Она могла бы уйти со сцены на этой реплике, но остается еще на пятнадцать секунд неспасенного времени, прислонясь к дверному косяку, и наблюдает, как Ландсман сражается с потертыми концами пояса от халата.

– Что ты собираешься сказать Баронштейну, когда он позвонит?

– Что ты превысил полномочия и что я вызову тебя на ковер. Соберу дисциплинарную комиссию. Может, тебе придется временно сдать жетон. Я постараюсь с этим побороться, но, учитывая, что вот-вот явится шомер из похоронного общества Спейд, чтоб ему пусто было, у меня мало пространства для маневра. Как и у тебя.

– Ладно, ты меня предупредила, – говорит Ландсман. – Считай, я предупрежден.

– И что ты собираешься сделать?

– Сейчас? Сейчас я хочу выпытать что-нибудь у матери. Шпильман сказал, что они не слышали про Менделя много лет и не говорили с ним. Но по определенным причинам я не склонен ему верить.

– Батшева Шпильман. Это будет непросто, – говорит Бина. – Особенно для мужчины.

– Верно, – тоскливо признается Ландсман.

– Нет, – говорит Бина. – Нет, Мейер. Даже не думай. Ты сам по себе.

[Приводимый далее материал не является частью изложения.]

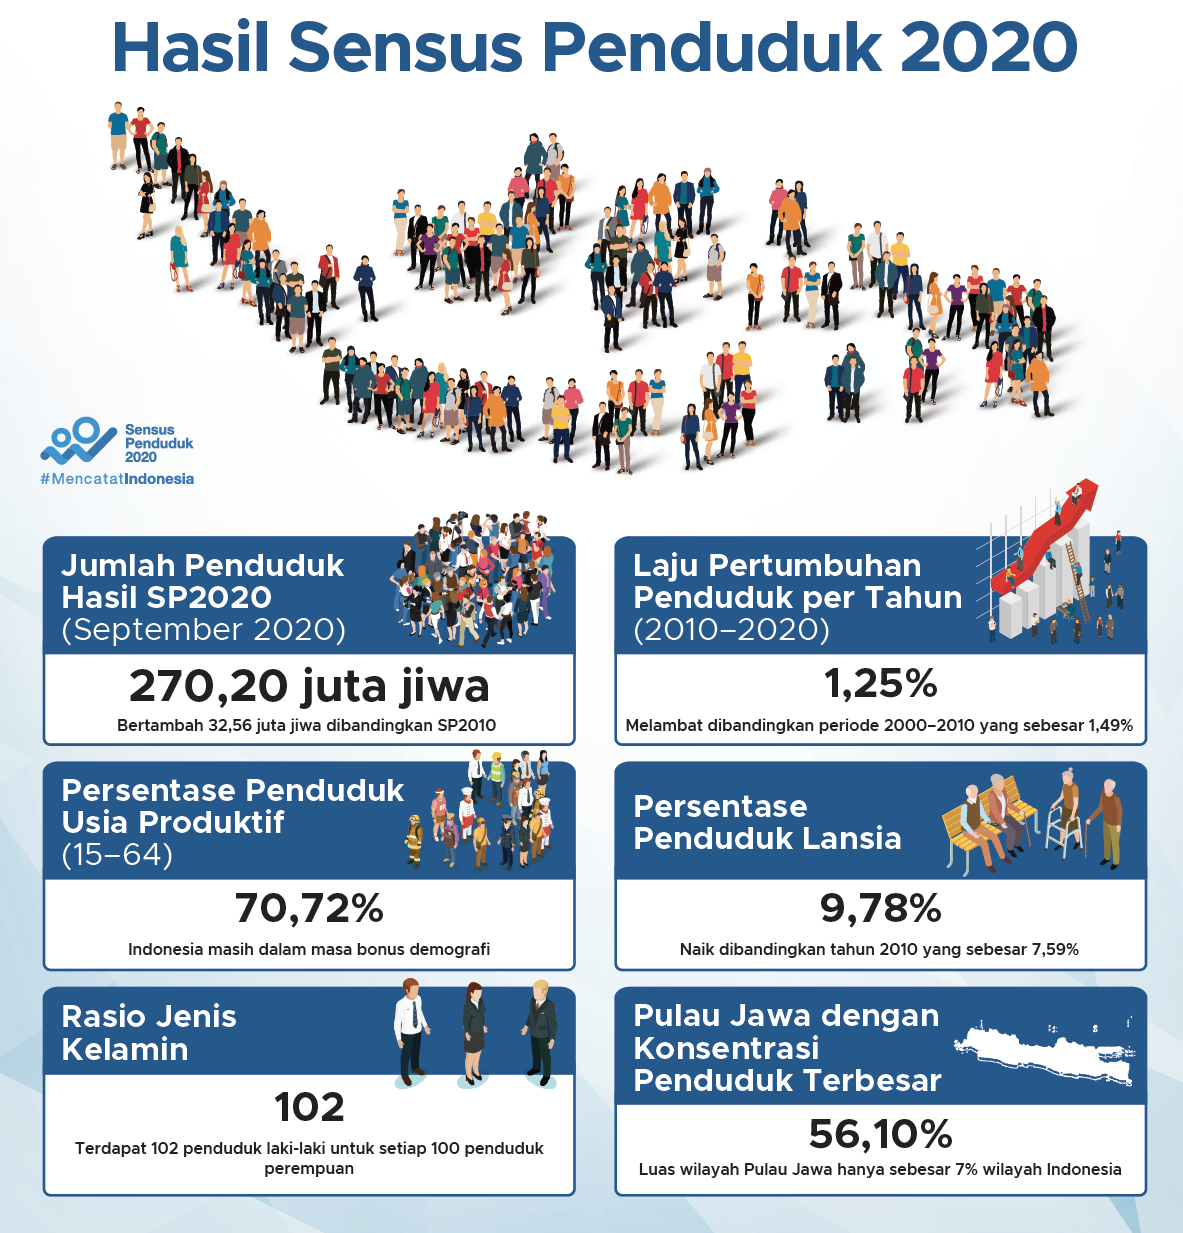 Indonesia Sedang Menikmati Bonus Demografi

– Она будет на похоронах. Все, что тебе придется…

– Все, что мне придется, – говорит Бина, – это держаться подальше от шомеров, прикрывать зад и постараться еще два месяца, чтобы мой зад остался цел.

– Я бы с радостью прикрыл твой зад, – замечает Ландсман, – хотя бы ради прошлого.

– Одевайся, – говорит Бина. – И сделай себе одолжение. Уберись здесь. Посмотри на эту свалку. Не могу поверить, что ты можешь так жить. Г-ди, тебе не стыдно?

Когда-то Бина Гельбфиш верила в Мейера Ландсмана. Вернее, она верила с самого момента их встречи, что в этой встрече есть какой-то высший смысл, что в основе их брака лежит некое намерение. Они были скручены, как две хромосомы, именно так, но там, где Ландсман видел только спутанность, случайное переплетение нитей, Бина прозревала руку Создателя Узлов. И за эту веру Ландсман отплатил ей верой в Ничто.

– Лишь когда я вижу твое лицо, – говорит Ландсман.

20

Ландсман выпрашивает полдюжины папирос у администратора Кранкхайта, потом убивает полчаса, выкурив три штуки, пока изучает отчеты о покойнике из 208-го, ничтожный улов: содержание белка, жирные пятна, пыль. Как говорит Бина, в этом деле нет ничего нового. Убийца вроде бы профессионал, шлоссер с опытом, не оставивший следа на тропе. Отпечатки пальцев мертвеца совпадают с отпечатками в деле Менахема Менделя Шпильмана, семь раз за десять лет побывавшего под арестом за хранение наркотиков, причем под вымышленными именами, как то: Вильгельм Стейниц, Арон Нимцович и Ричард Рети.[38] Более ничего не ясно.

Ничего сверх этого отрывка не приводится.